Son « amitié éthique » avec Jean Besniée, ainsi que la fin tragique de son grand ami sont d’une beauté à pleurer.
Avec une plume enlevée et admirative, et c’est légitime, Jérôme GARCIN dresse le portrait incroyable d’un  » homme-livre » qui dira que la cécité l’a rendu plus heureux encore, plus affamé de ce que la terre peut lui offrir, mais aussi le portrait de celui qui cultivera invariablement l’humilité là où d’autres s’enorgueillissent à tout-va.

Cet homme qui affirmait que  » la liberté, est la lumière de l’âme » deviendra chef de réseau résistant à 17 ans, sera déporté à Buchenwald à 19 ans. C’est au final un « soldat de l’idéal  » qui n’est pas étudié à l’école et c’est bien regrettable.
Les pages sur sa survie dans les camps sont d’autant plus terribles que sa devise fut alors  » Il faut tout mettre à l’envers.

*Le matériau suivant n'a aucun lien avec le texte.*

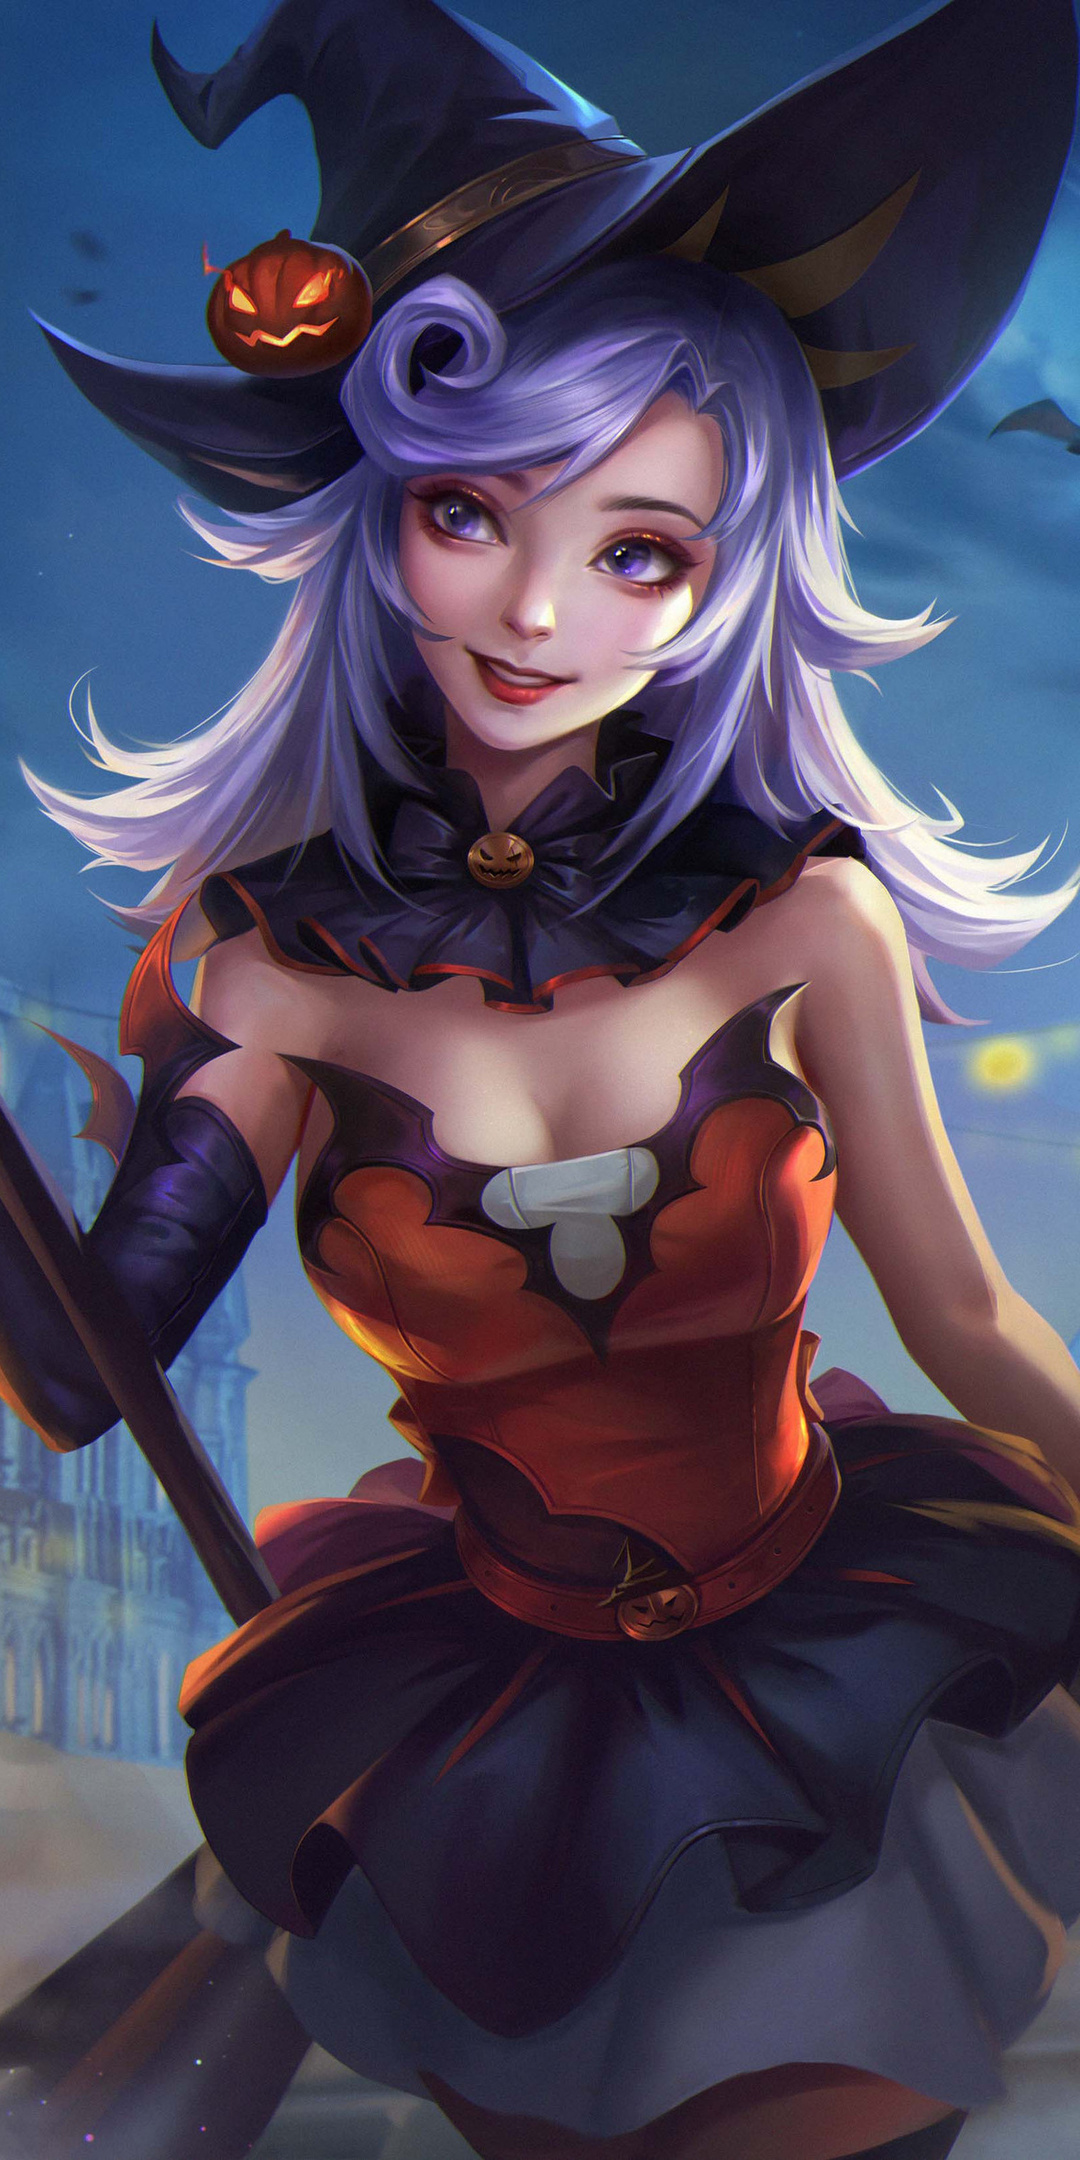 Happy Halloween Witch 2020 Wallpaper In 1080x2160 Resolution

Apprendre à mourir n’a pas de sens. Ce qu’il faut, c’est apprendre à vivre. »
La suite de sa vie montrera, à mon sens, qu’il ne s’en est jamais remis.
Quelle place notre société fait – elle à ceux qu’elle croit être différents, même quand la différence est gonflée d’intelligence et de volonté ?
C’est aussi un des messages essentiels que je retiens de cette lecture formidable. Et il y en a tant d’autres.